> Recorded data
+ + + + + + +
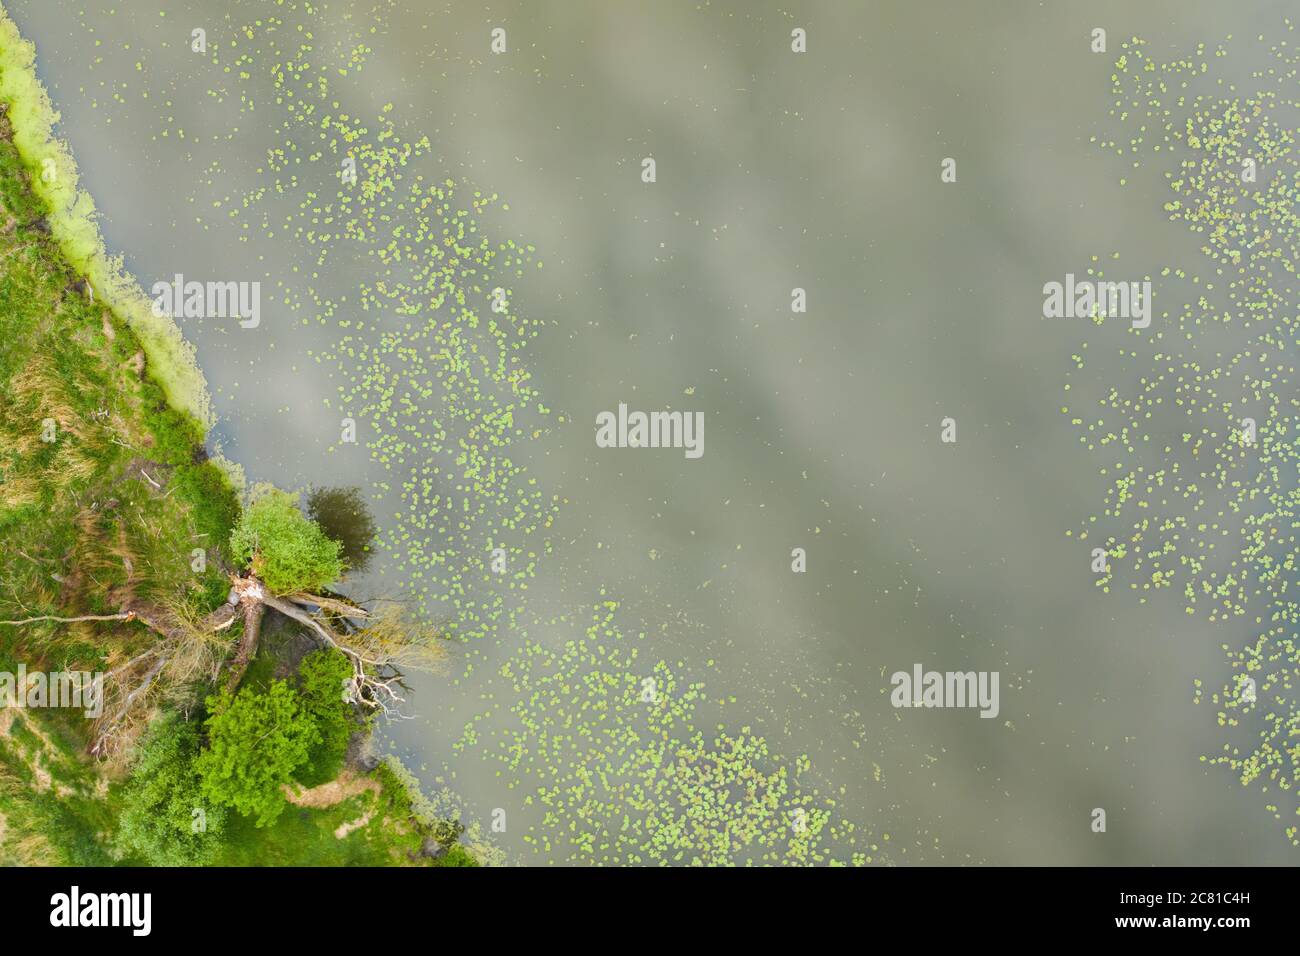 Luftaufnahme eines Seeufers mit grünen Seerosblättern, die auf dem Wasser schweben. Stockfoto
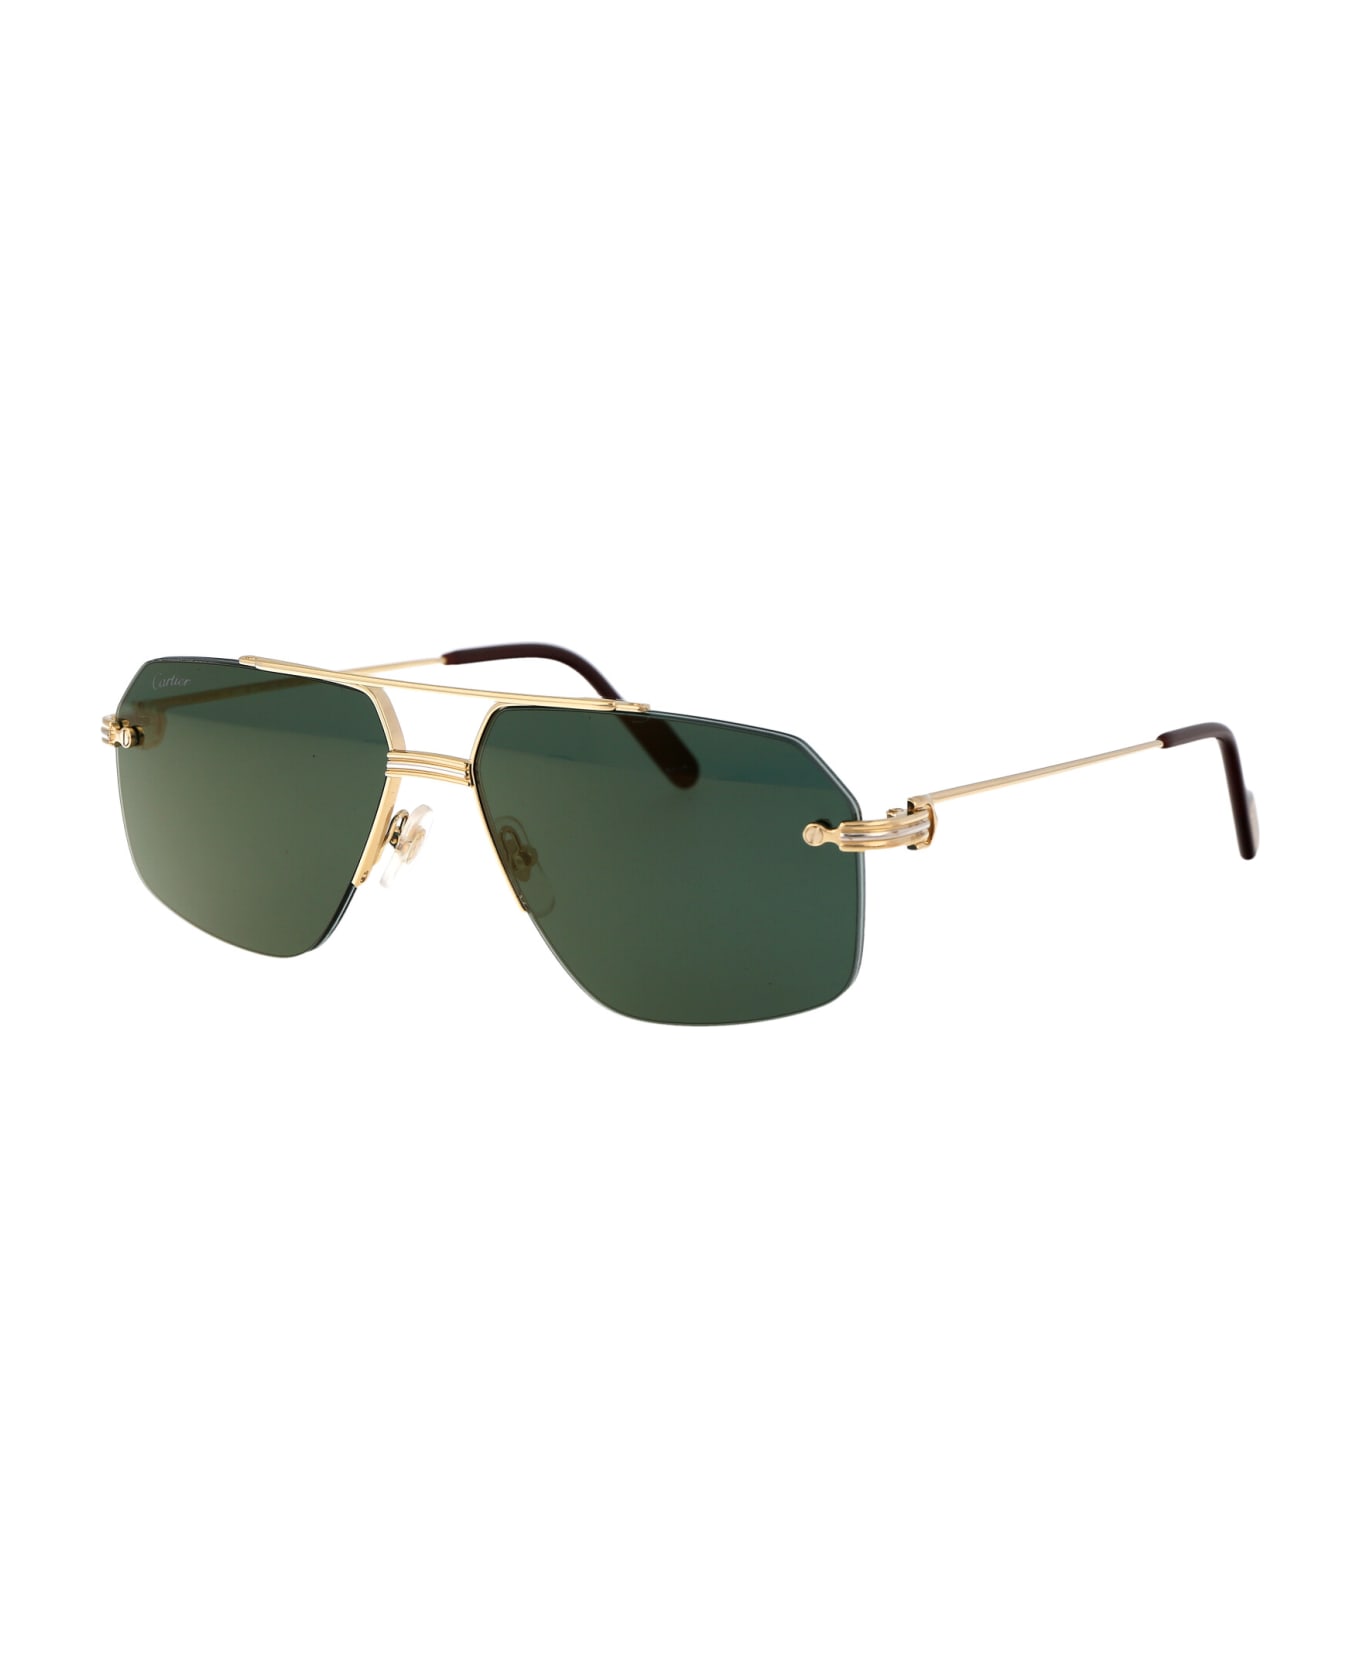 Cartier Eyewear Ct0426s Sunglasses - 002 GOLD GOLD GREEN
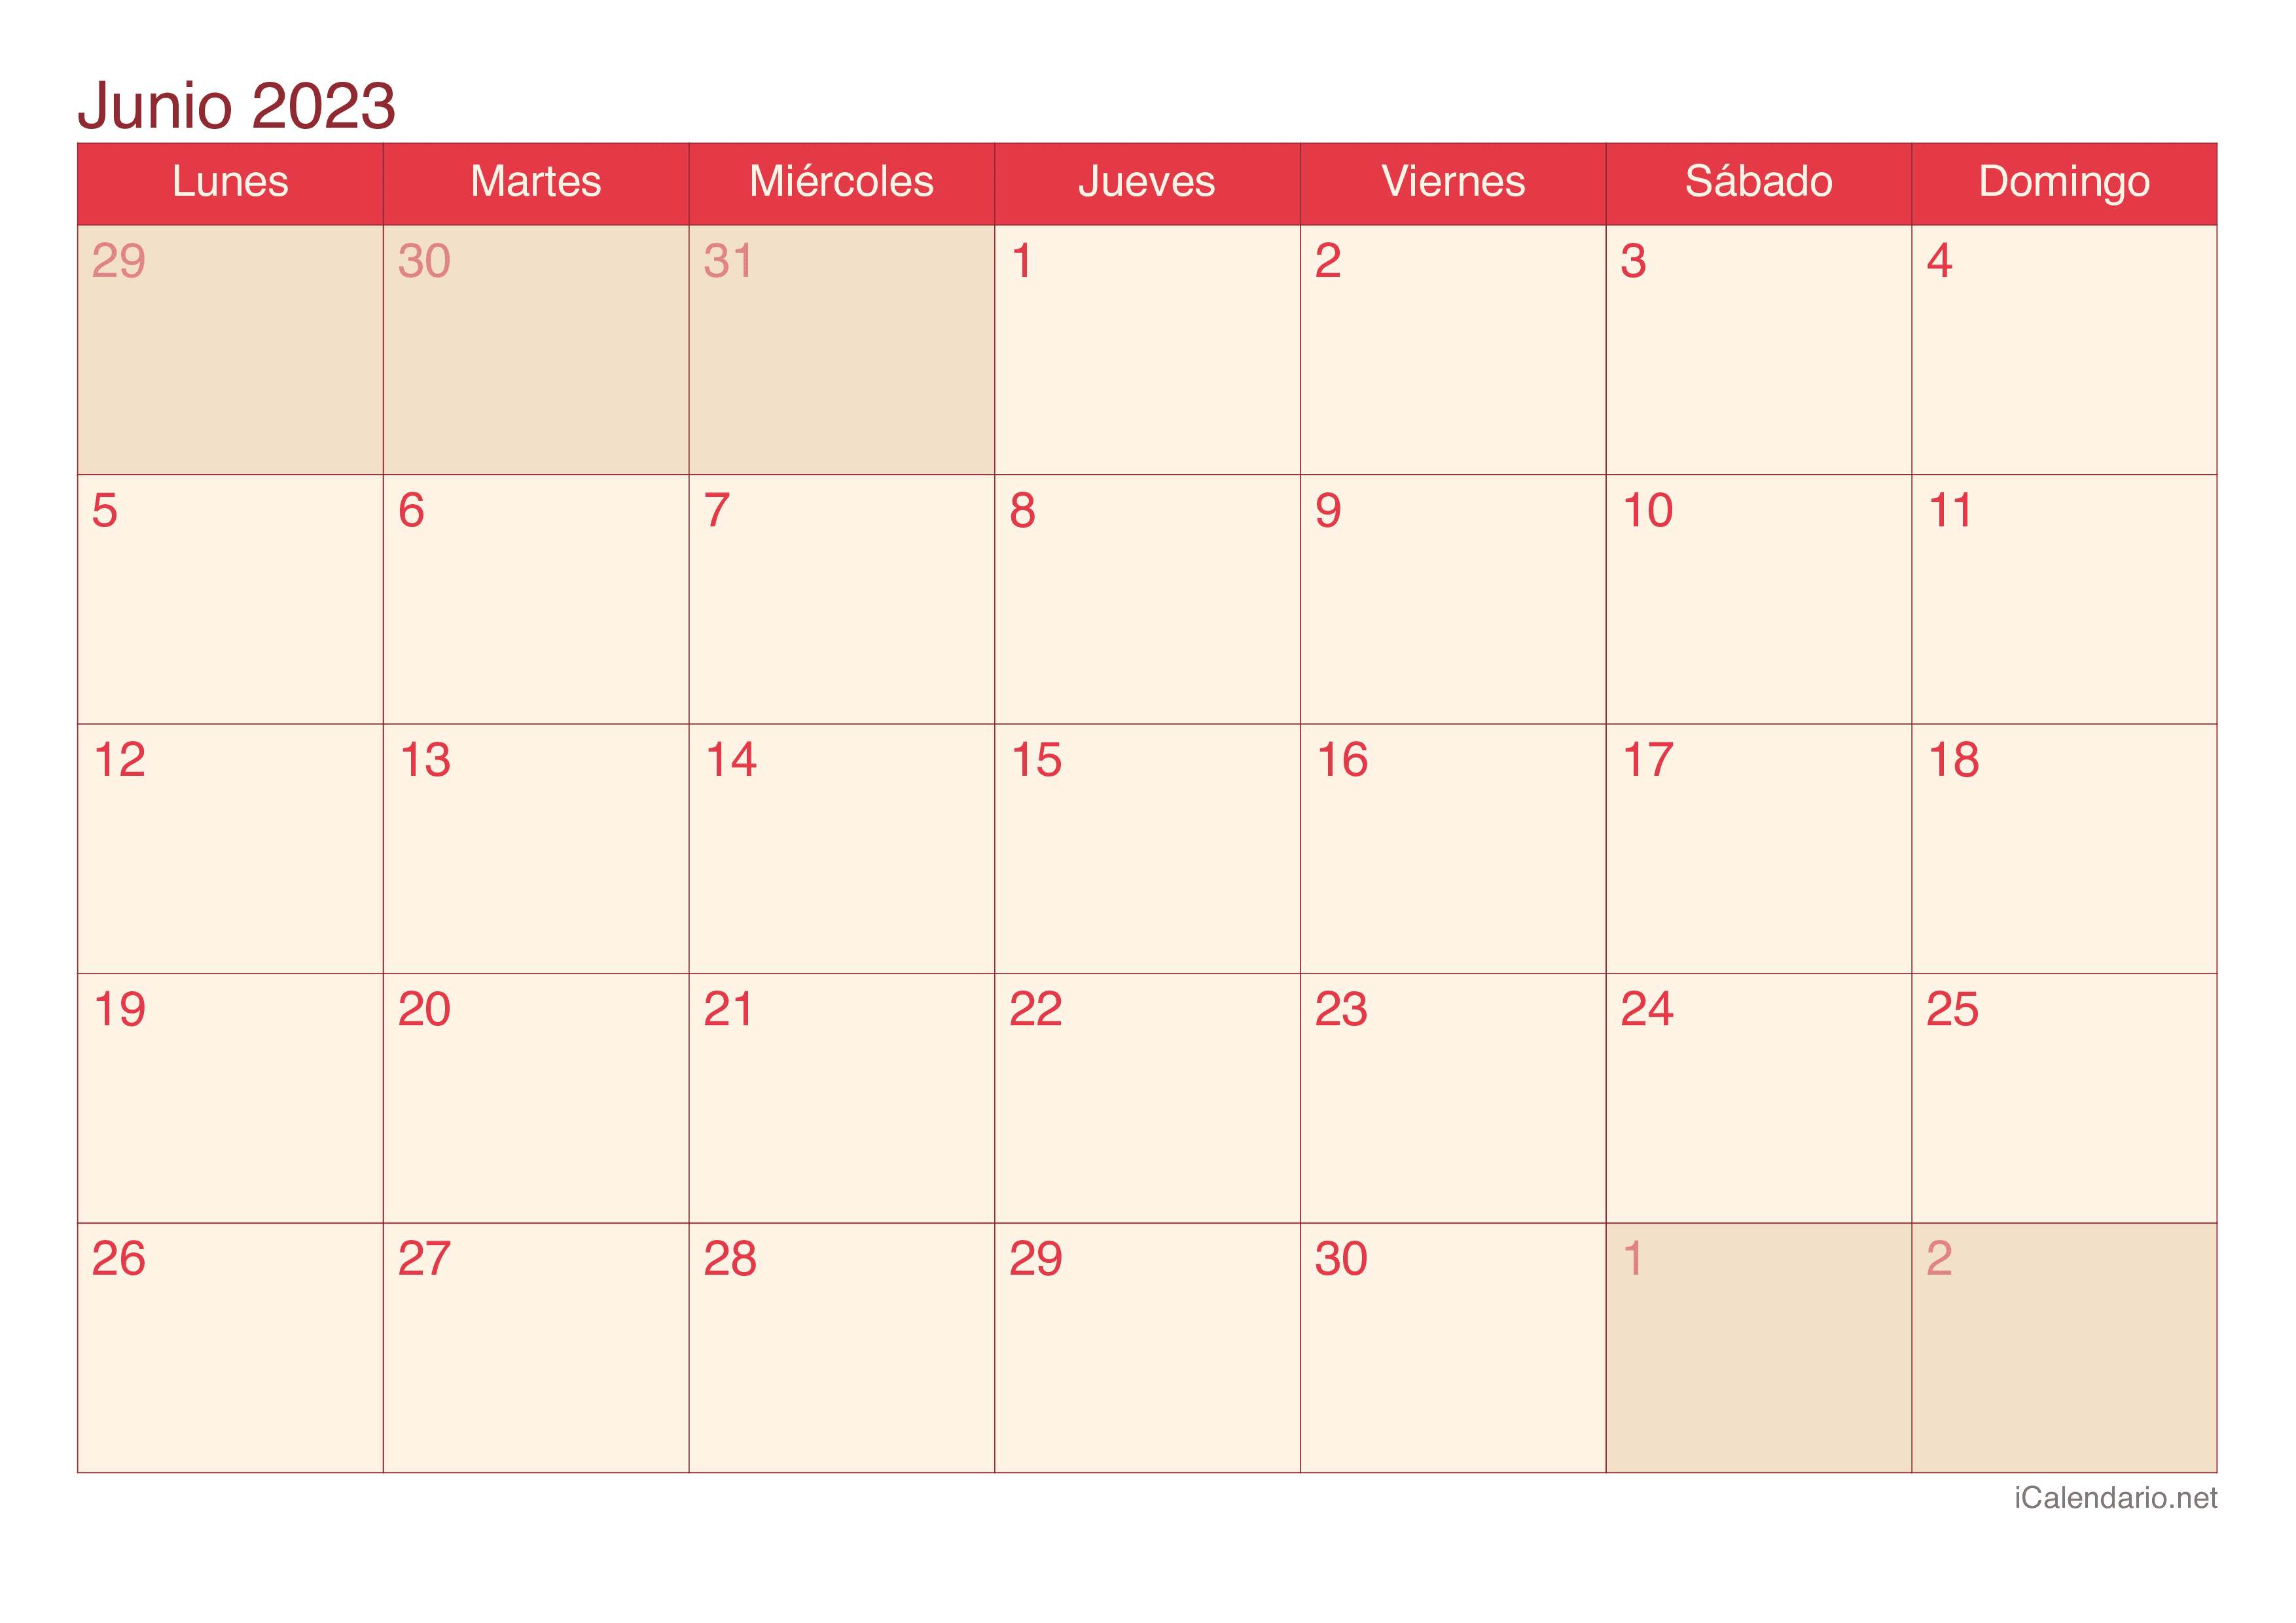 Calendario de junio 2023 - Cherry
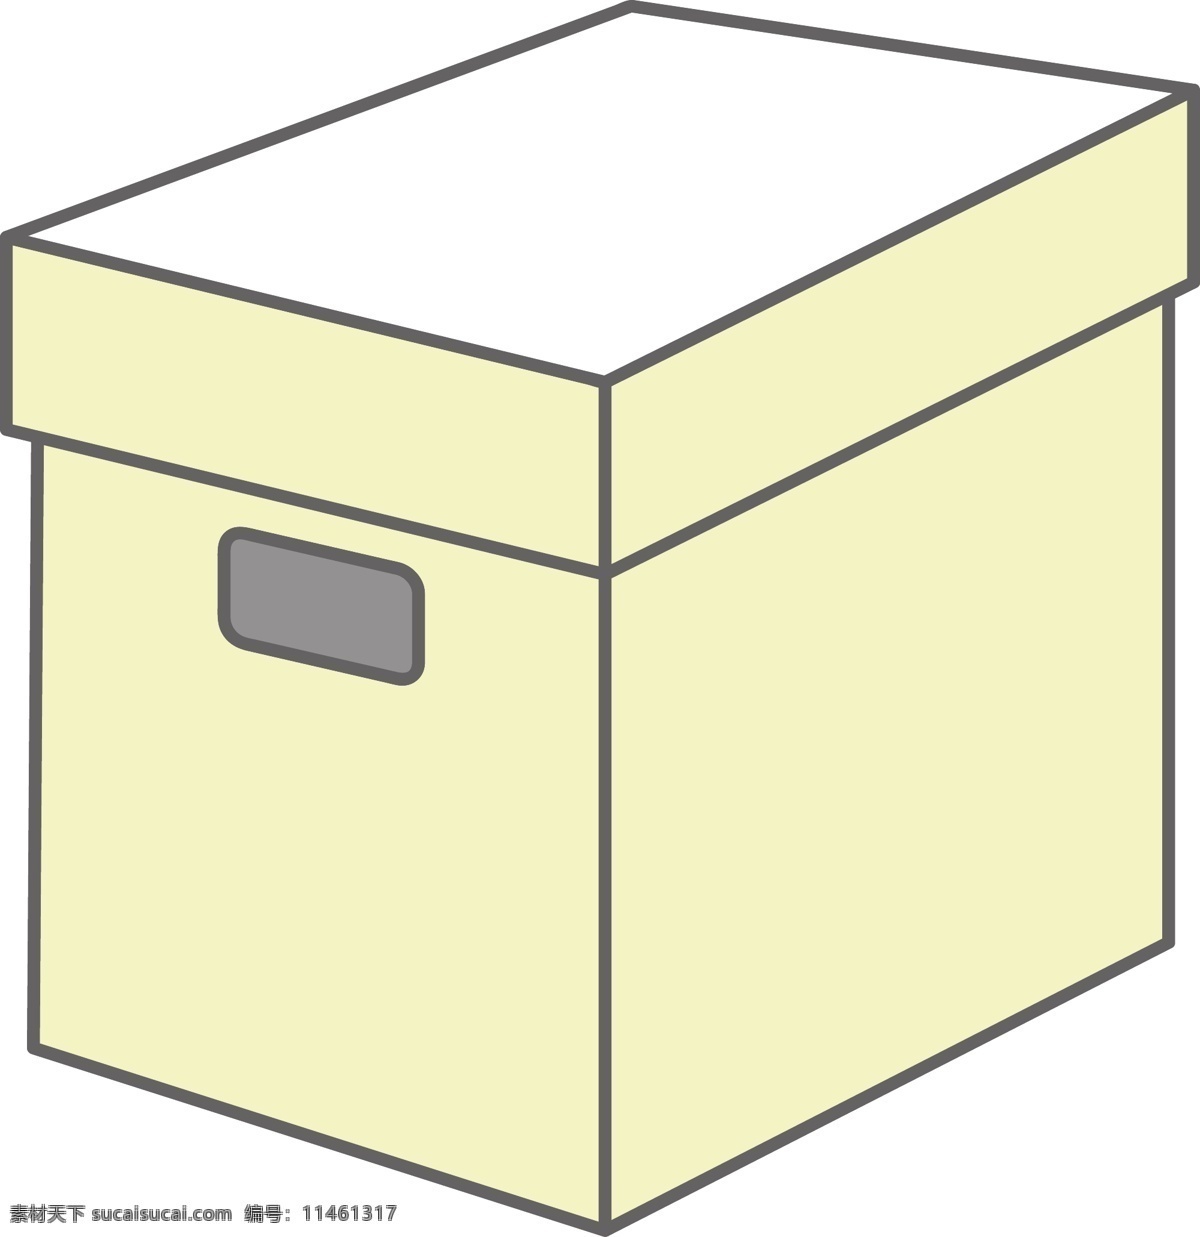 卡通 黄色 纸箱 插图 黄色的纸箱 收纳物品 办公用品 储放东西 包裹箱 牛皮收纳箱 立体储物箱
+ + + + + + +
> Try it
Reproduce the whole listing above word for word, dropping each image.

> Result
 Luftaufnahme eines Seeufers mit grünen Seerosblättern, die auf dem Wasser schweben. Stockfoto
 Cartier Eyewear Ct0426s Sunglasses - 002 GOLD GOLD GREEN
 Calendario de junio 2023 - Cherry
 卡通 黄色 纸箱 插图 黄色的纸箱 收纳物品 办公用品 储放东西 包裹箱 牛皮收纳箱 立体储物箱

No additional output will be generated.